Also wurden wir für ein paar Wochen ein Dreiergespann, das zusammenarbeitete – er, ich und der Chef des Pflegeteams. Dabei stellte sich (zumindest für mich) bald heraus, dass es sich bei dem Pflegedienst um einen eher konservativen Kunden handelte.

Zielgruppe waren die Angehörigen von Pflegebedürftigen. Denen sollte auf der Website vermittelt werden, dass sich der Pflegedienst schnell und unbürokratisch um neue Pflegefälle kümmert. Funktionalität und Vertrauen standen ganz oben auf der Wunschliste.

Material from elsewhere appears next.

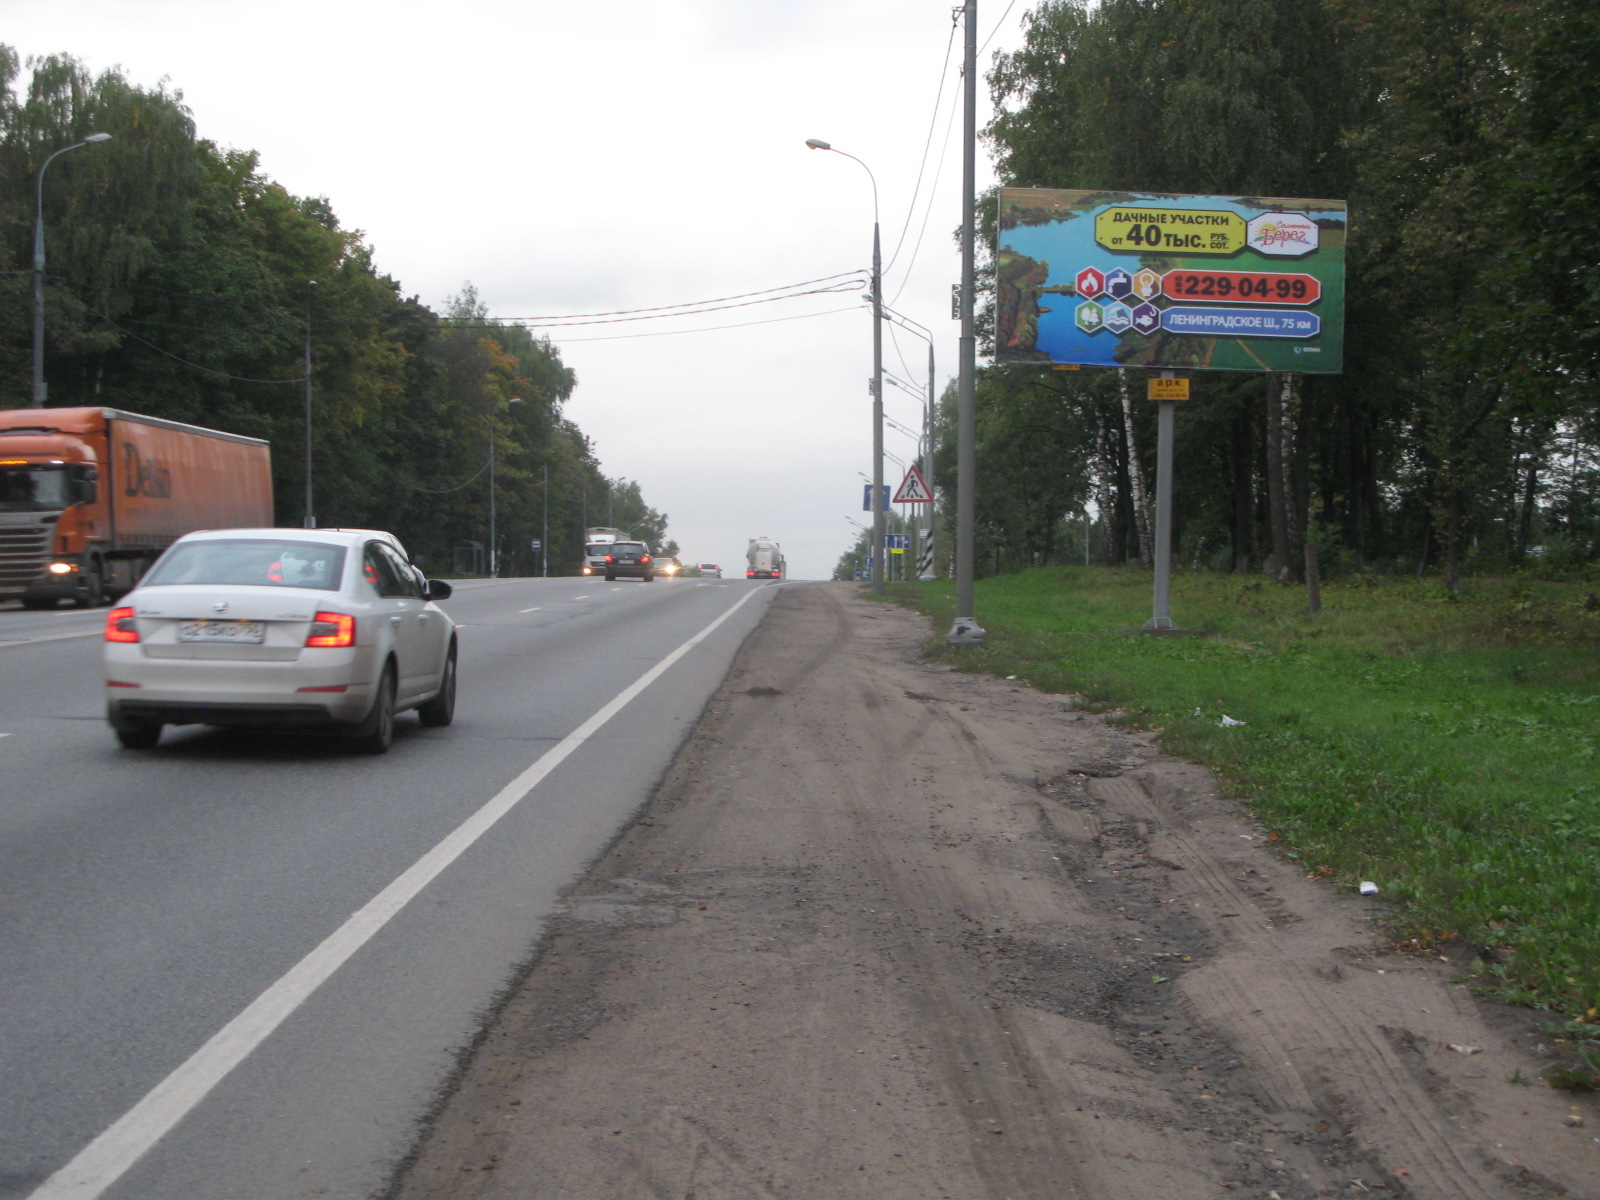 Ленинградское ш., 66,35 км, (47,65 км от МКАД), Красная ул., справа, г.Солнечногорск
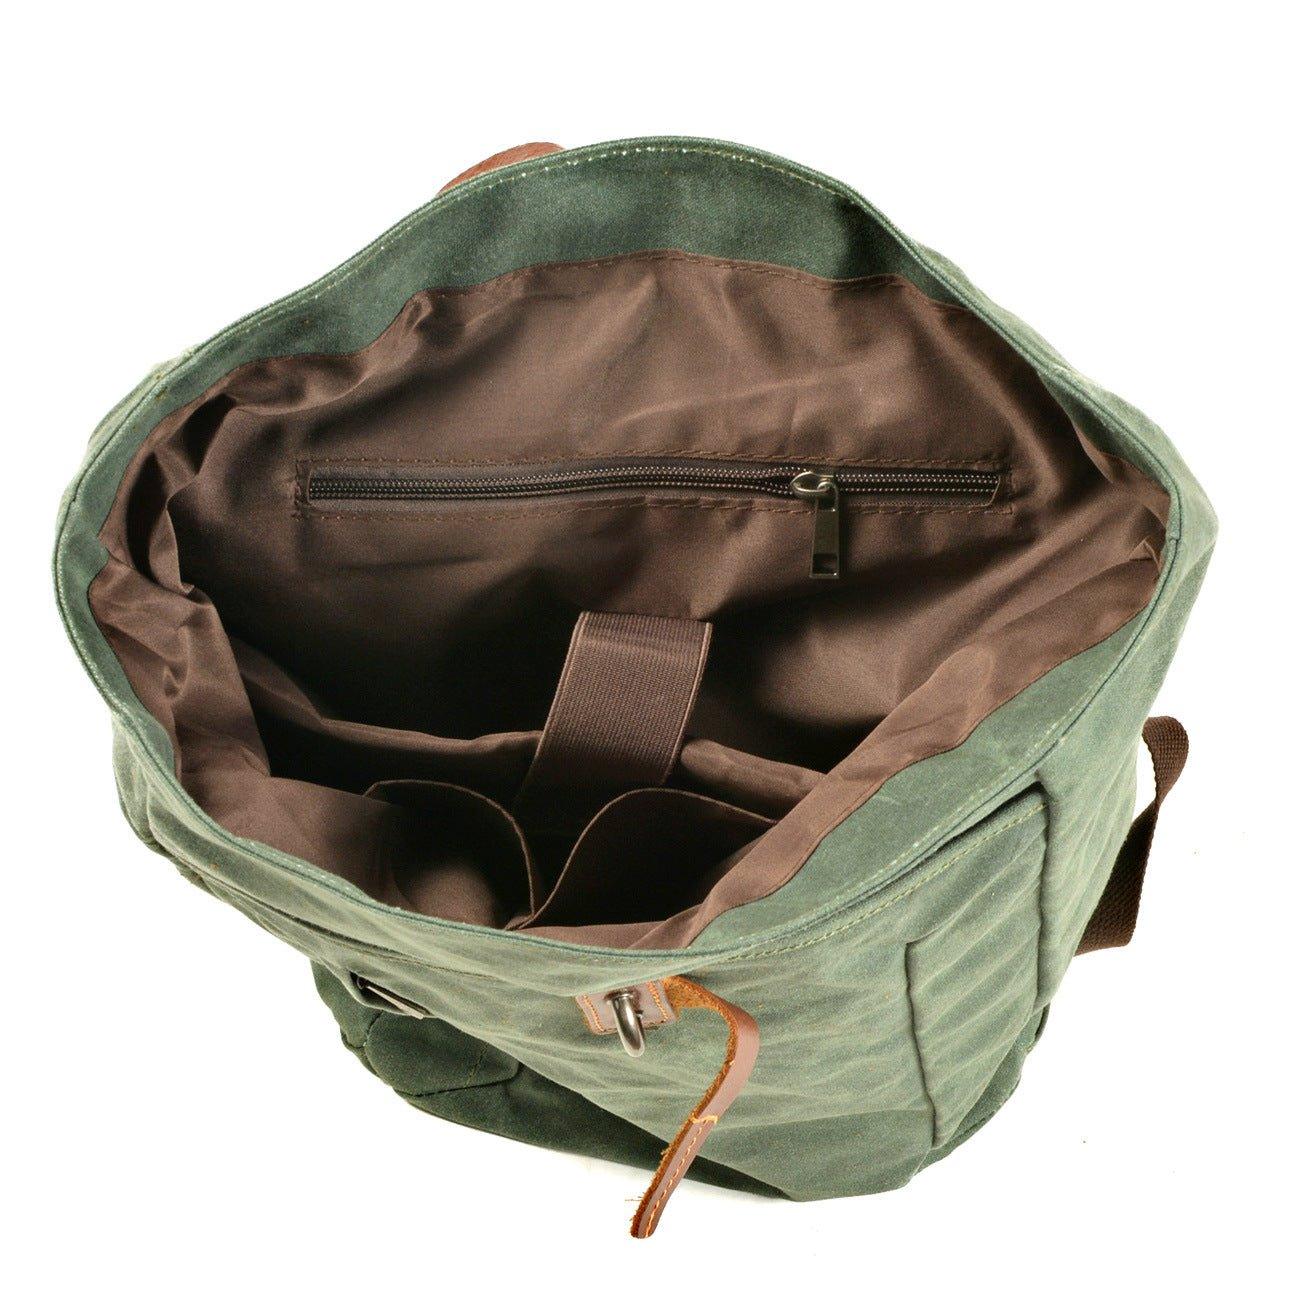 OPEN-UPDISPLAY of Woosir Expandable Roll Top Waterproof Backpack

Aber je länger ich mich mit dem Webdesigner abstimmte, desto deutlicher wurde, dass wir unterschiedliche Vorstellungen von den Texten hatten. Er bat mich öfters um Korrekturen, bevor ich sie final an den Kunden schickte. Hier noch ein bisschen knackiger. Dort weniger Floskeln. Und dieser Call to Action – zu gewöhnlich, das geht auch spannender.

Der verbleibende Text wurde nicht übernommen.